Definition and meaning of Carbonium Ion in chemistry.

A carbonium ion is a positively charged carbon species in which the carbon atom is bonded to five (or more) atoms or groups, exceeding carbon's normal tetravalency through a three-center two-electron bond. It is a "nonclassical," pentacoordinate carbocation, distinct from the more common trivalent carbenium ion.

In more detail

Carbonium ions form when a strong superacid protonates a saturated C–H or C–C bond of an alkane, adding a fifth bonding partner to carbon; the extra electron pair is delocalized over three centers (C and two H, or C and an H plus a C) rather than localized in a normal two-electron bond. George Olah's superacid studies (using media such as SbF5/FSO3H, "magic acid") first demonstrated these species and earned him the 1994 Nobel Prize in Chemistry. IUPAC nomenclature now reserves "carbonium ion" for these pentacoordinate species, separating it from "carbenium ion," the trivalent sp2 carbocation once also called a carbonium ion in older, looser usage.

Key facts

Formula (parent example)CH5+
Carbon coordinationFive bonds (pentacoordinate)
Key bonding featureThree-center two-electron bond
FieldOrganic Chemistry
Example

Protonation of methane by a superacid produces CH5+ (protonated methane), a carbonium ion in which carbon is bonded to five hydrogens via a three-center two-electron bond involving two of them.

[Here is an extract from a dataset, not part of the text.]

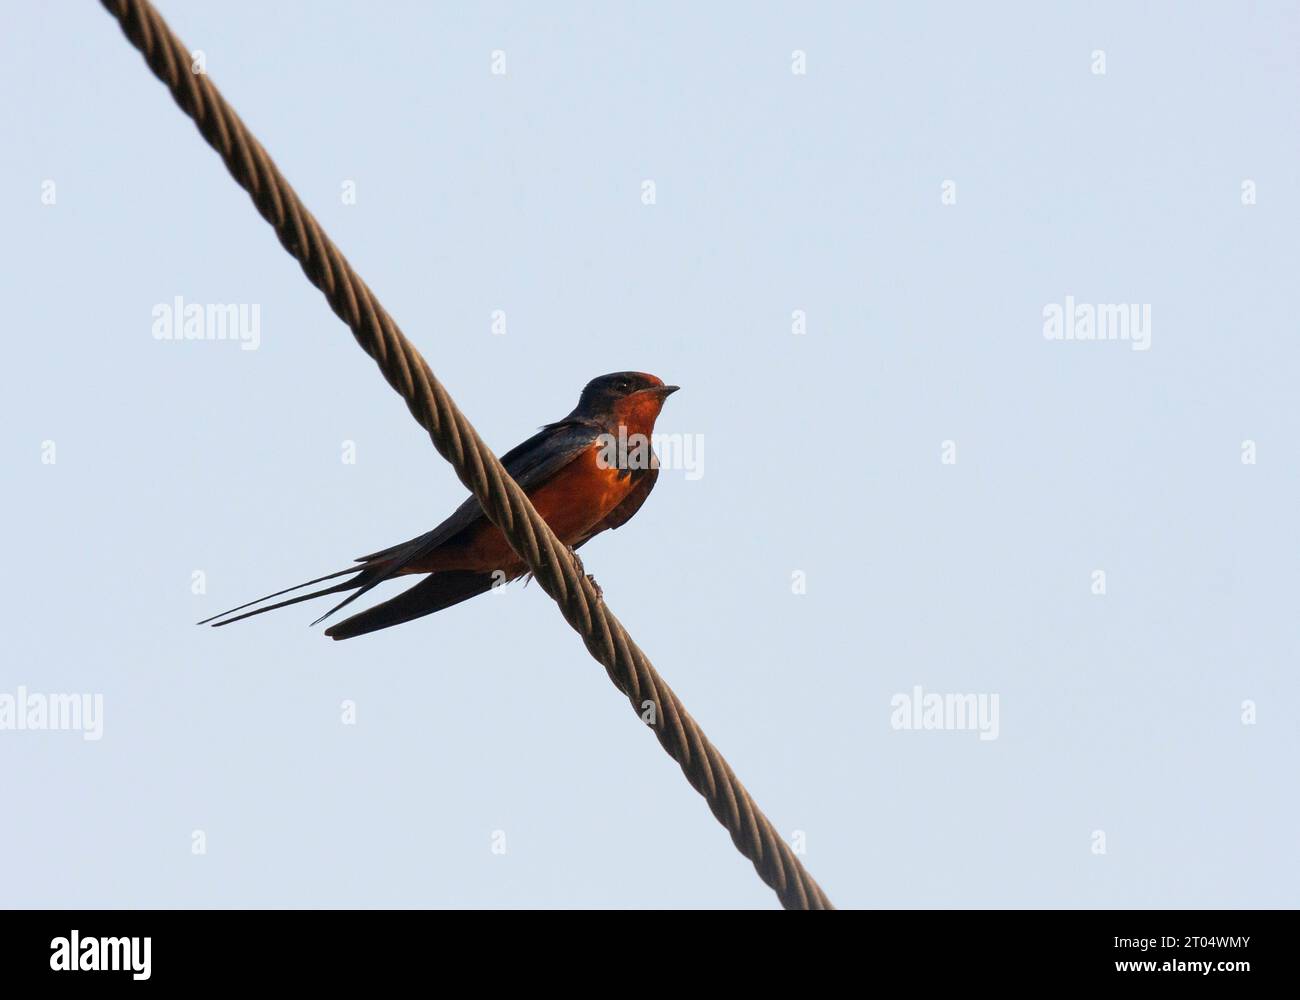 Egyptian barn swallow (Hirundo rustica savignii, Hirundo savignii), resting on a power line, Egypt, Luxor village Stock Photo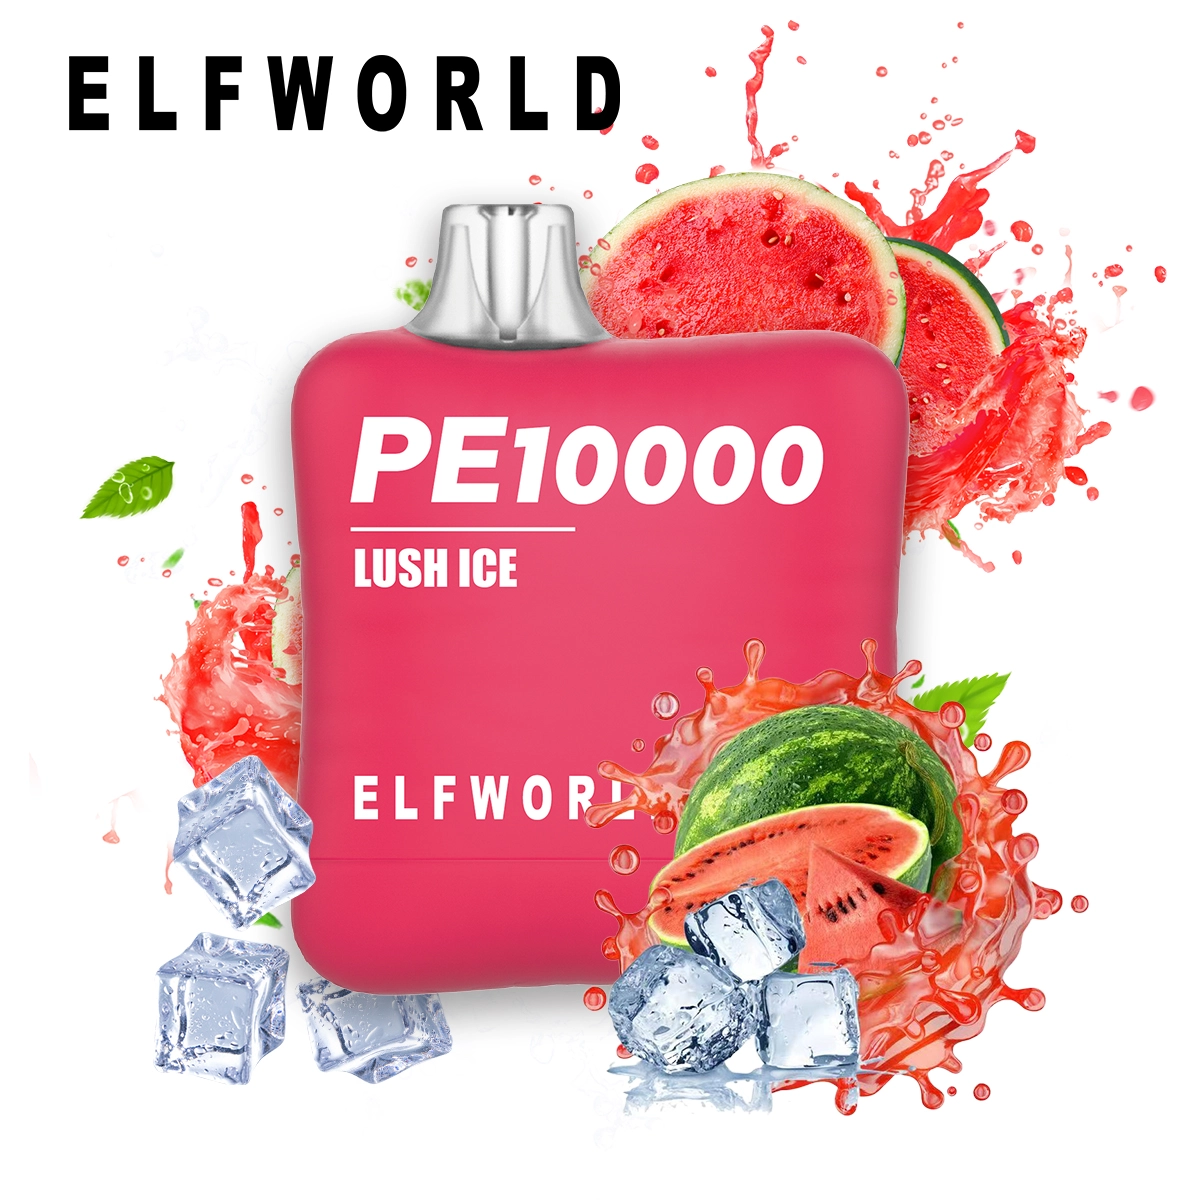 Elf World PE 10000 Lush Ice

Frequently asked questions

How does a carbonium ion differ from a carbenium ion?

A carbenium ion (e.g., CH3+, (CH3)3C+) is a classical, trivalent, sp2-hybridized carbocation with six valence electrons on carbon. A carbonium ion (e.g., CH5+) is a nonclassical, pentacoordinate cation in which carbon forms five bonds using a three-center two-electron bond.

Why are carbonium ions significant?

They explain how superacids activate normally unreactive alkane C–H and C–C bonds, underpinning processes like isomerization and cracking in petroleum chemistry, and were central to George Olah's Nobel Prize-winning work on carbocation chemistry.